During the extraordinary 2020-2021 pandemic year, Neuhaus decided to pause from her usual subject matter and address the way in which the virus has imbued us all with a fear of touch. Instructed not to shake hands, hug, or conduct any normal actions that necessitate physical contact with other human being outside of our “pods,” we washed our hands constantly to prevent infection. Her series of monoprints and paintings, each 18” x 24,” consists of hands rendered in black and white in the process of washing. Shown together, the Wall of Hands emphasizes the redemptive and regenerative nature of water, which both cleans and heals. 


Wall of Hands, sixteen monoprints and direct brush paintings on rice paper, 18” x 24,” 2020.

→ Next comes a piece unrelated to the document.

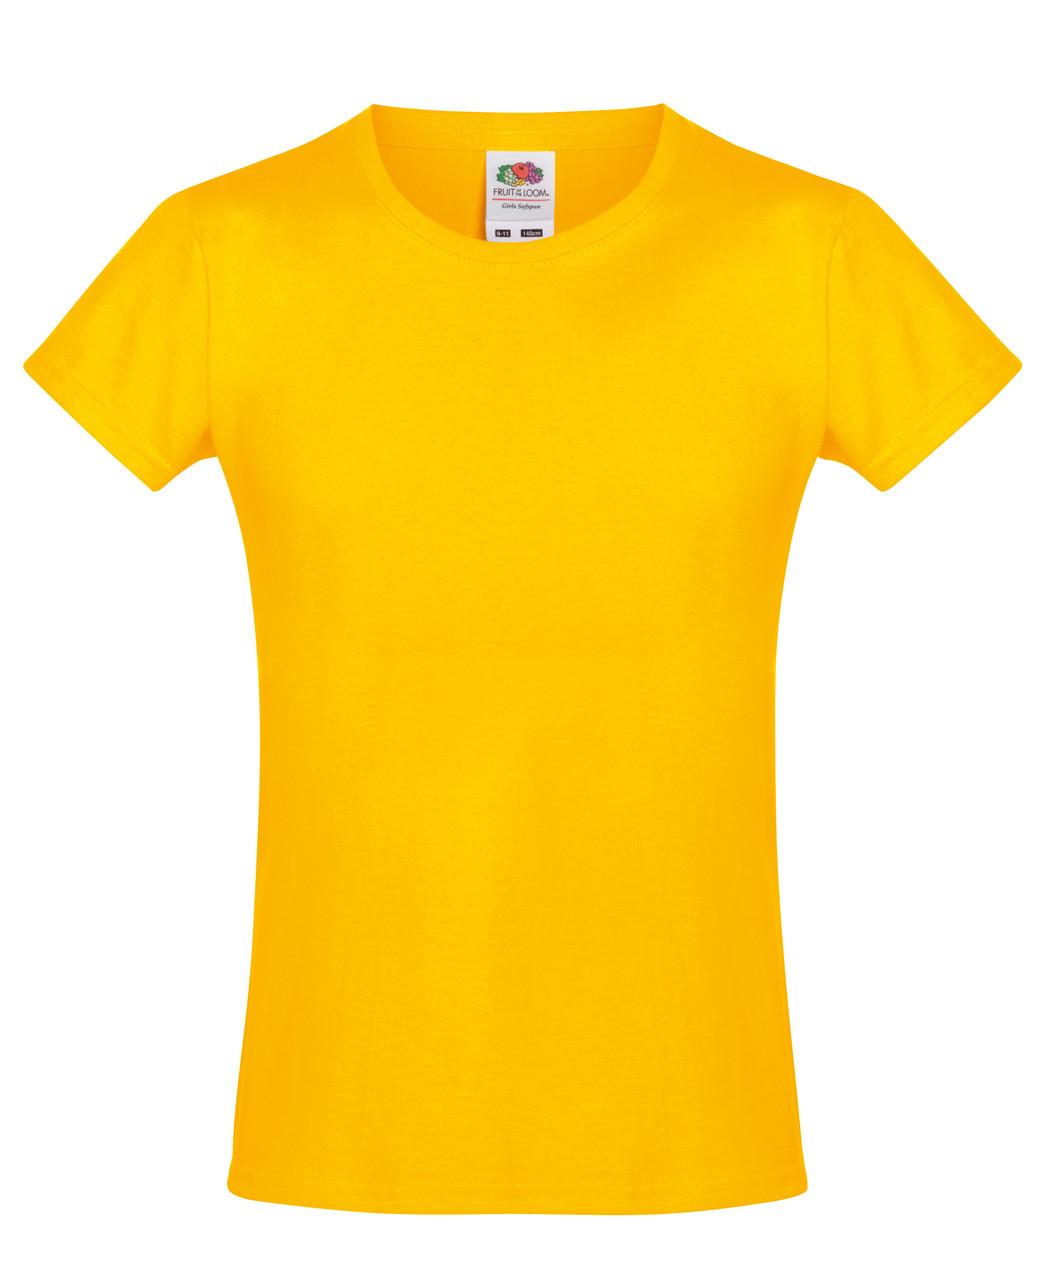 Детская футболка Мягкая для Девочек Солнечно-жёлтая Fruit of the loom 61-017-34 9-11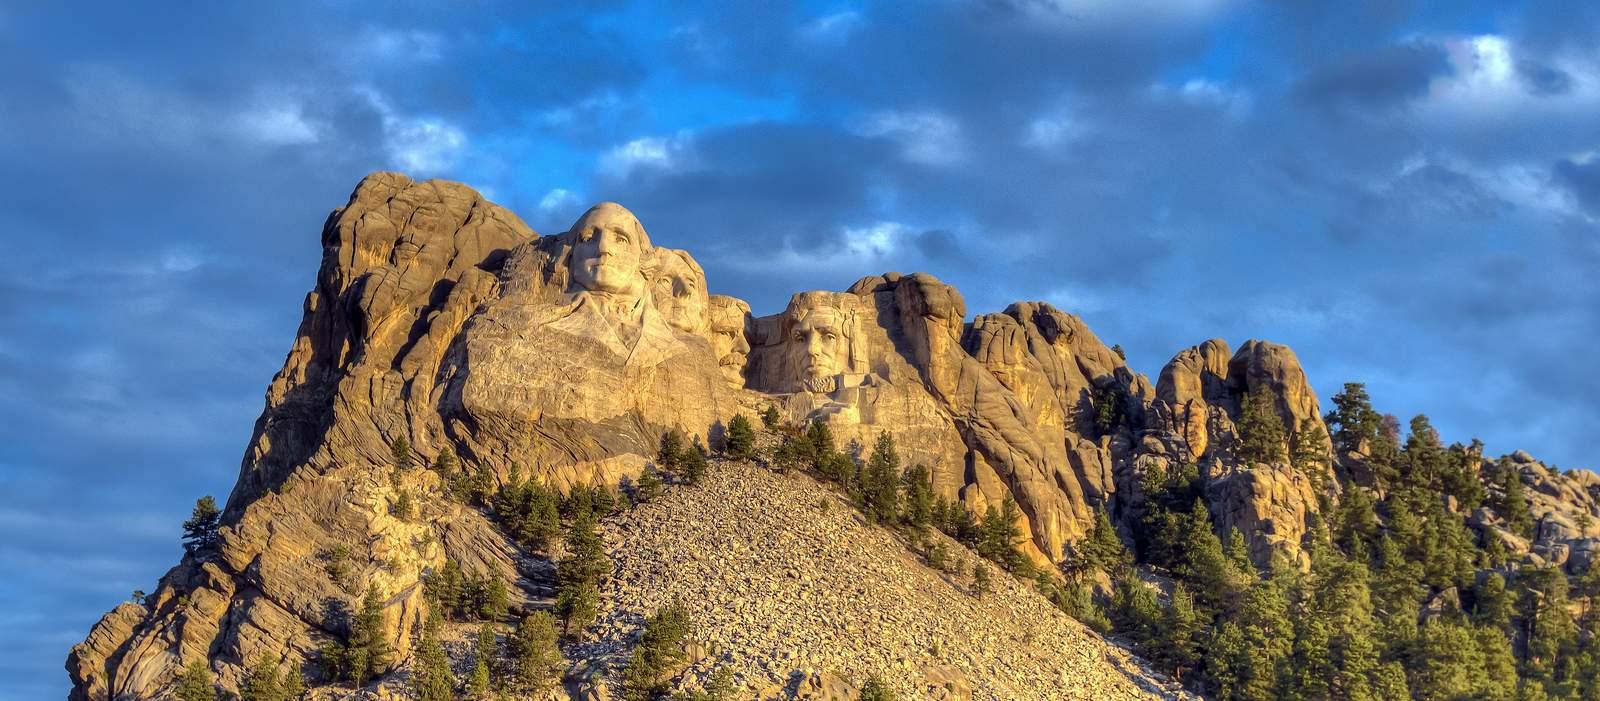 Mount Rushmore von Weitem

Neuhaus’ inventive works cleverly imitate the melting and disappearance of icebergs and glaciers. As she goes through the process of scratching at the surface of her photographs, she can viscerally feel how the ice is melting away and how the landscape she witnessed at one particular moment in time is changing before her eyes. It is imperative in viewing these frozen moments in time not only to serve as witnesses to this change but to do everything in our power to prevent further environmental loss.  

This article is part of a content collaboration between Art Spiel and Artists & Climate Change. It was originally published on Artists & Climate Change on April 26th, 2021, as part of Imagining Water, a series on artists of all genres who are making the topic of water and climate disruption a focus of their work and on the growing number of exhibitions, performances, projects and publications that are appearing in museums, galleries and public spaces around the world with water as a theme.

Susan Hoffman Fishman is a painter, public artist and writer whose work has been exhibited widely in museums and galleries throughout the U.S. Since 2011, all of her paintings, installations and photographs have addressed water and climate change. She co-created a national, participatory public art project, The Wave, which addresses our mutual need for and interdependence on water and which has inspired thousands of adults and children of all ages, abilities and backgrounds to protect this vital resource. Her most recent body of work calls attention to the growing number of rampikes along our shores – trees that have been exposed to salt water and died as a result of rising tides.